Organizations choose e-learning for other reasons (cost, access, etc.), but as an instructional designers, we’re focused on the performance change
Assumptions about Learning
- Learning is active
- People learn best in highly particular ways
- Learners must actively construct meaning
“Learning isn’t a transitive verb; I can’t “learn” you this.”
Why should we care about motivation?
- Learning process must be initiated actively
- No one else is present at learning even
- Cannot rely on social motivators (well, you could blend traditional e-learning with social learning, via social media or traditional forms…)
- Rewards are indirect or absent
Cynical thoughts, but most learners aren’t intrinsically motivated
- Media/animation isn’t enough. (Avatars are cool, but aren’t enough unless they are doing something instructionally)
- They want the shortest, least painful way through a course. They look for shortcuts.
- Traditional path: reading text without purpose, unhelpful feedback, memorize trivia, long unbroken narratives (I think “narrative” here just means long blocks of text)
- “Expedited” path: Hit next without thinking, multitask, guess without consequence, random actions until give up. Most people will pick this in traditional e-learning.

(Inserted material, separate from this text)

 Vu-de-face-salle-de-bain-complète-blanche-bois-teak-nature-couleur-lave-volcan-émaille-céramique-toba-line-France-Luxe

IDs need to create experiences where learners won’t aim for the expedited path
What we want
- Read text to satisfy a need
- Active involvement in meaningful tasks (task-oriented, not content oriented)
What we need
- Don’t rely on default navigation
- Tasks require attention
- Guesses is unproductive
- Failure leads to a dead end rather than default completion
Question about kinesthetic/tactile learners
Answer: He’s being careful to not totally discount learning styles, but to say we’re not in specific boxes that way. “Auditory” learners still can learn visually. Think about learning through multiple channels, but not focus on specific learning styles
Question on overused Flash features
Answer: Superficial animation, stuff that is visually appealing but meaningless instructionally
Not all interactivity is instructional. The clicky clicky bling bling concept, although he’s not using those words
Content is important, but only as far as people will use that content to do something.
Six Rules to Create Motivation
These can be used even without the full CCAF model.
- Just say less
- Formal objectives (we need objectives, but we don’t need to tell learners the full formal objectives)

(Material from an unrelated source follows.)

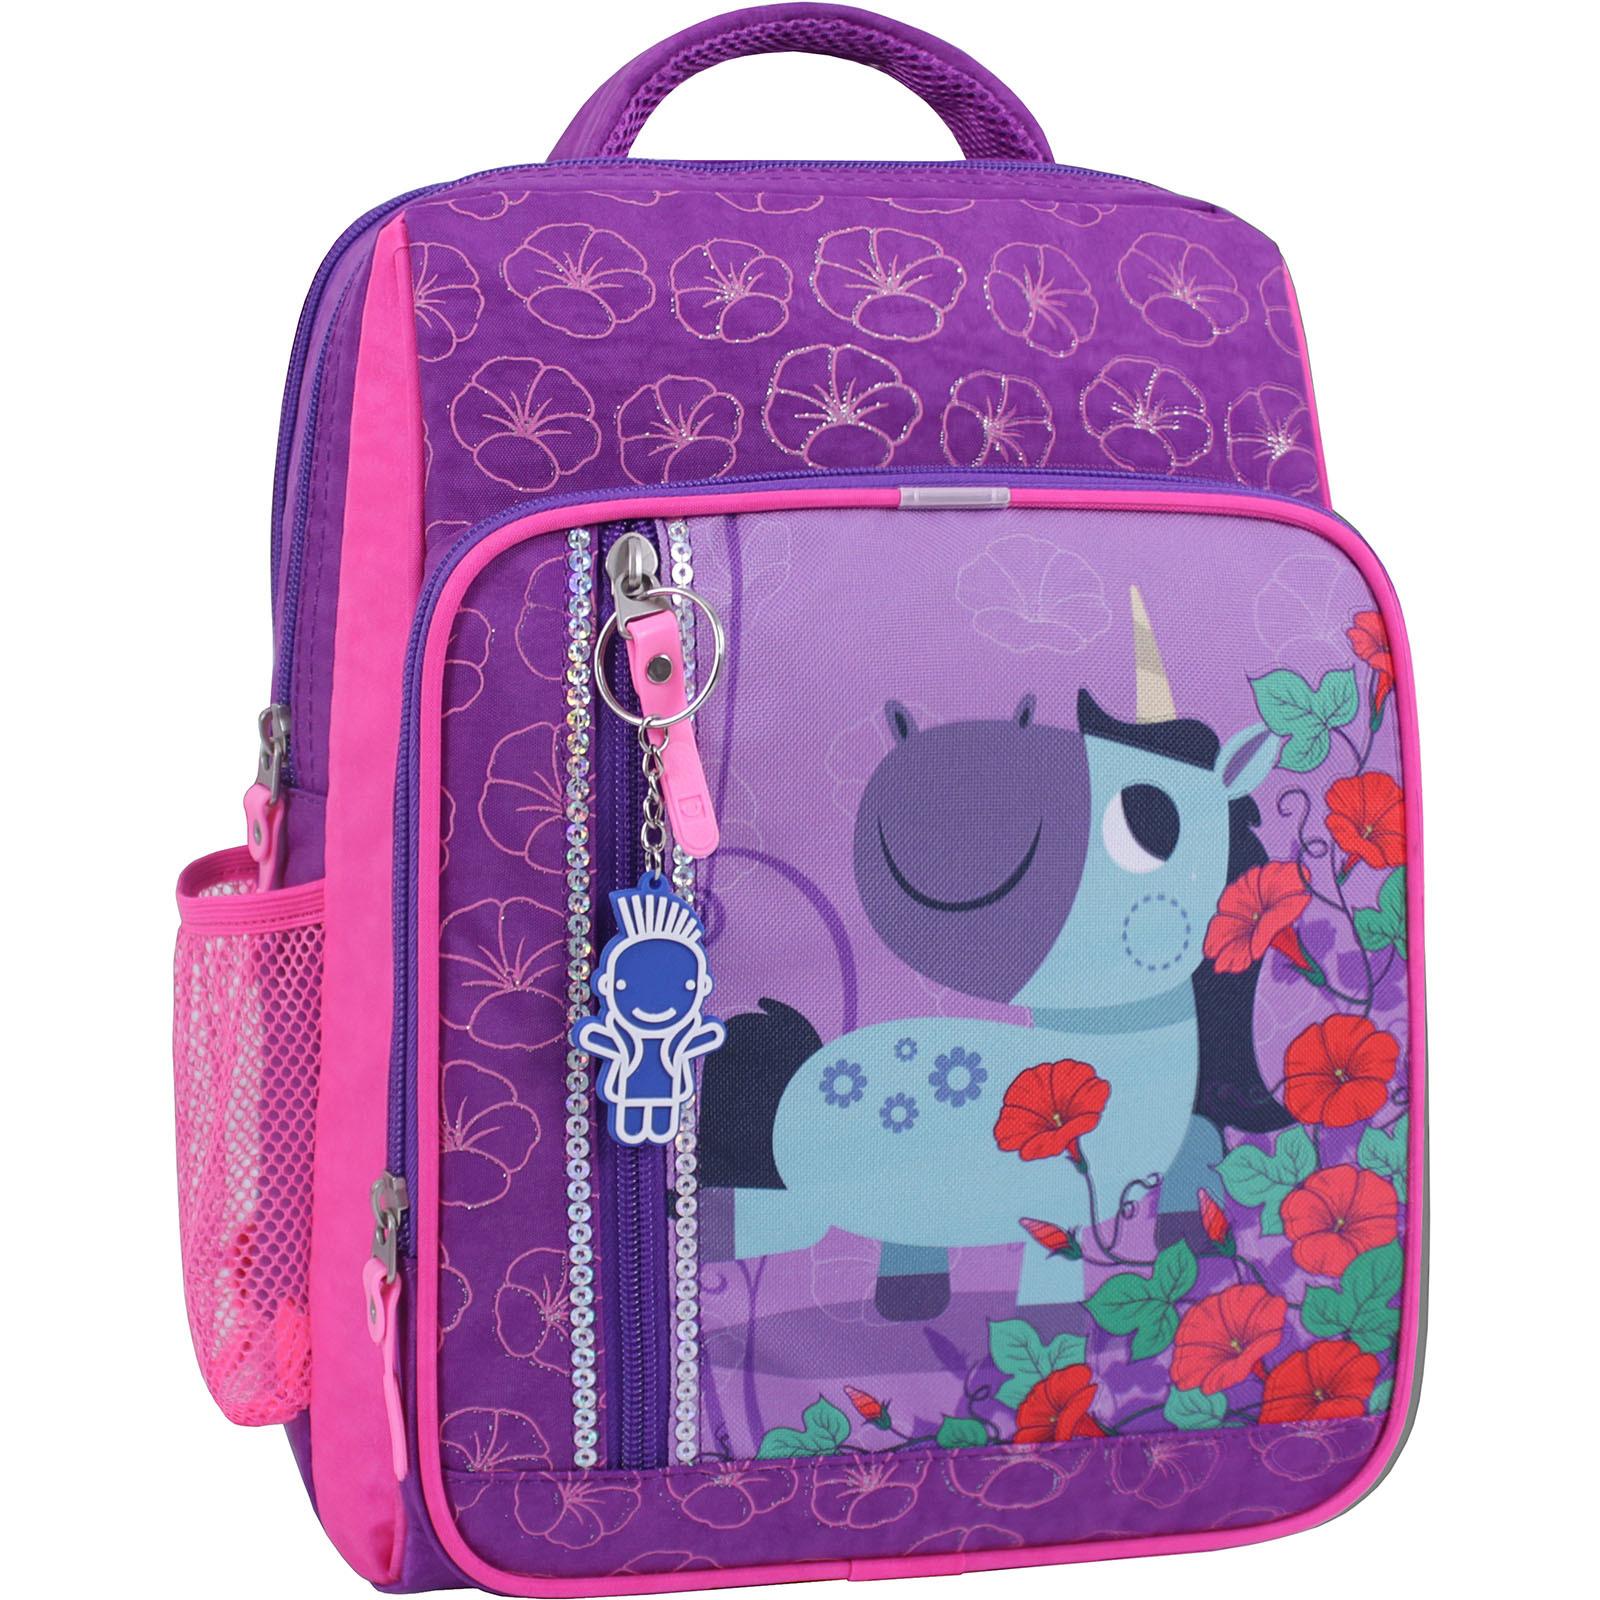 Рюкзак школьный Bagland Школьник 8 л. фиолетовый 498 (0012870) фото 1

- Technical requirements/compliance documents, especially at the beginning of e-learning. Put it at the end if it has to be there. Make content-heavy resources available, but only when users choose
- Things that matter only to the SME
- Not just making it harder, but something that makes you think
- “Achievable challenges with appropriate risks”

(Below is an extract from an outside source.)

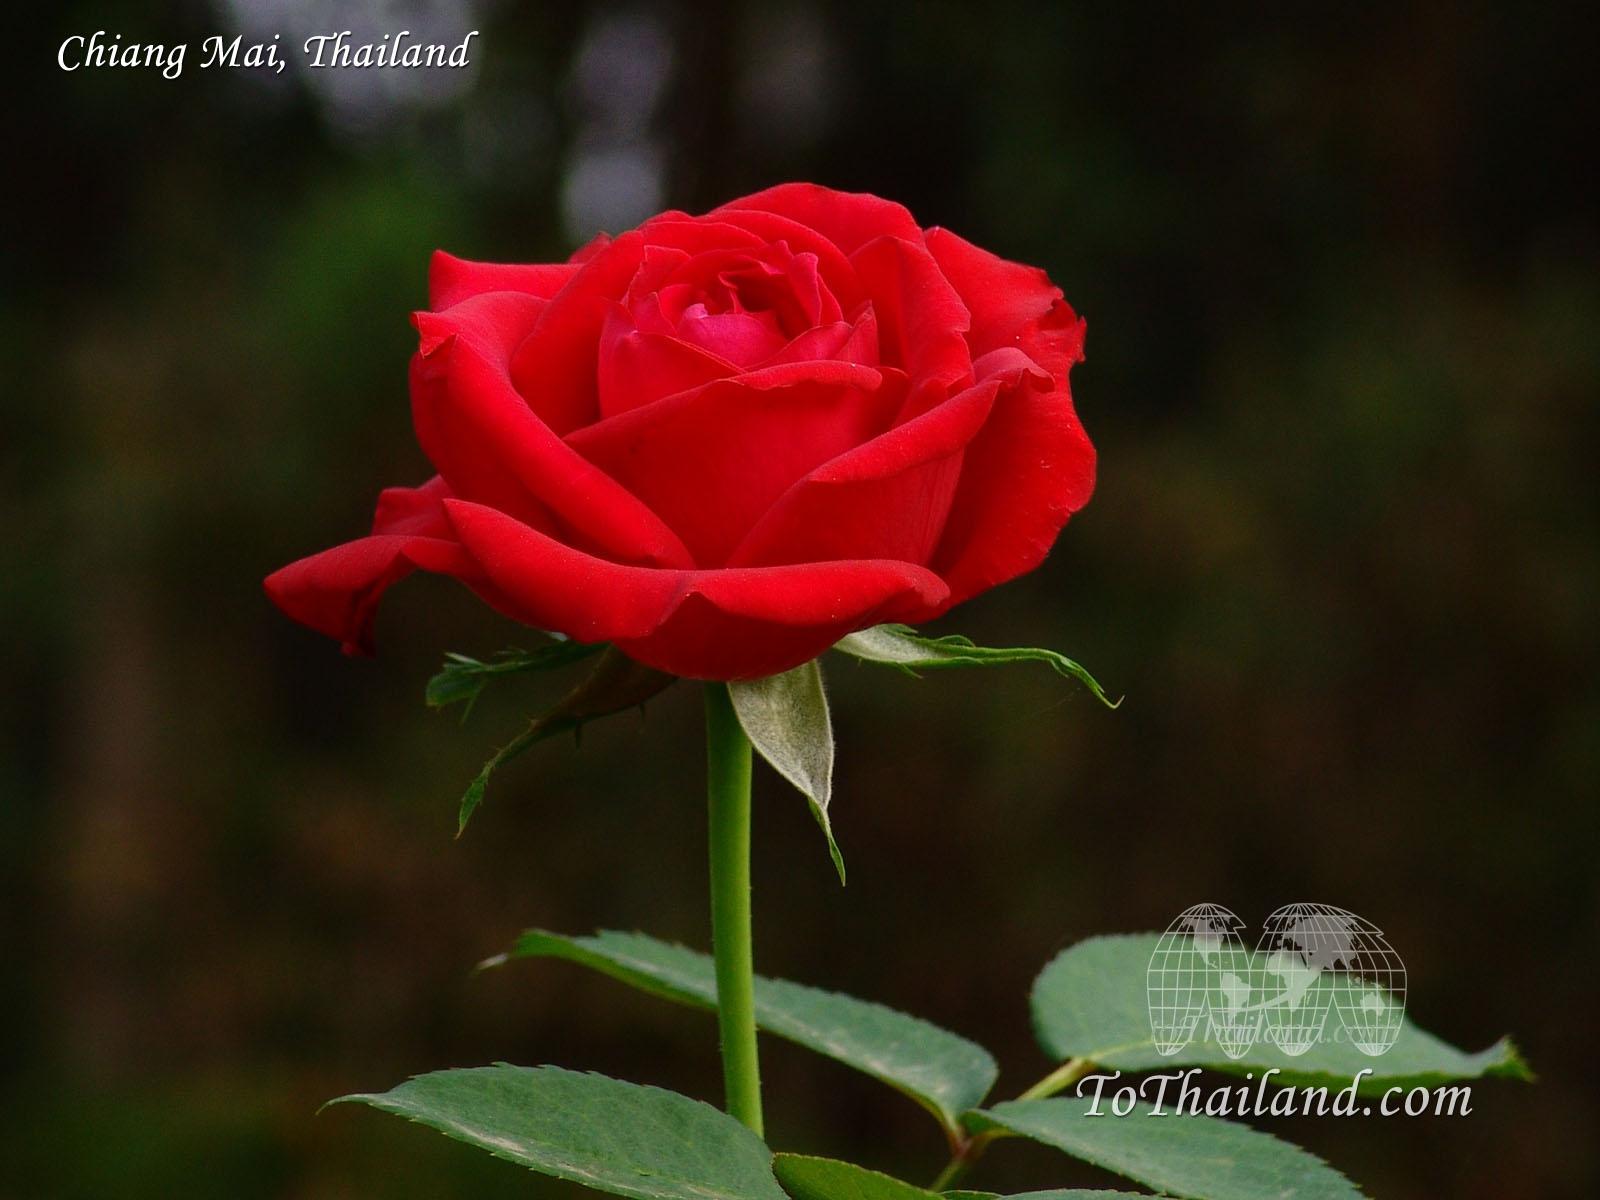 http://1.bp.blogspot.com/-x7vp7ZPx_MY/T9V1gYFw8-I/AAAAAAAAFeo/twH1B9GC8kU/s1600/Rose-Wallpaper-59.jpg

- Withhold information until learner asks for it
- Ambiguity isn’t always bad
- Goes contrary to what we usually think about immediate feedback
- Give time to think and correct yourself
- Include an “I’m ready” button
- Increases memory (I wonder if there’s research support for this about moving things to long term memory)
- Wait until they are engaged and interacting to put content
- Consequences for actions
- Naturally chunks content based on actions
- Interest is high after you make a wrong choice; you want to know where you went wrong
- Challenges grow as skills develop
- Expand content & functionality as levels grow
- Vary how much help is provided
- Prevents “learner as victim”
- Give learners responsibility
- Places you could give choices: pace, sequence, review, construct answers, seek help, choose when to be tested
Question: How do you convince people that interactions aren’t a waste of time?
Answer: You may have to do some work to “sell” the course and convince people
Question: What if you really need lots of text?
Answer: Make a nice resource web page and give them a reason why they should read it. Don’t make it e-learning.
Question: Better to read on-screen text or not
Answer: Literally reading every word on the screen is the worst. Narration can do a good job for emotional content, but highly technical content may be better without narration. Text is easier to read and review. The more complex, the less useful narration.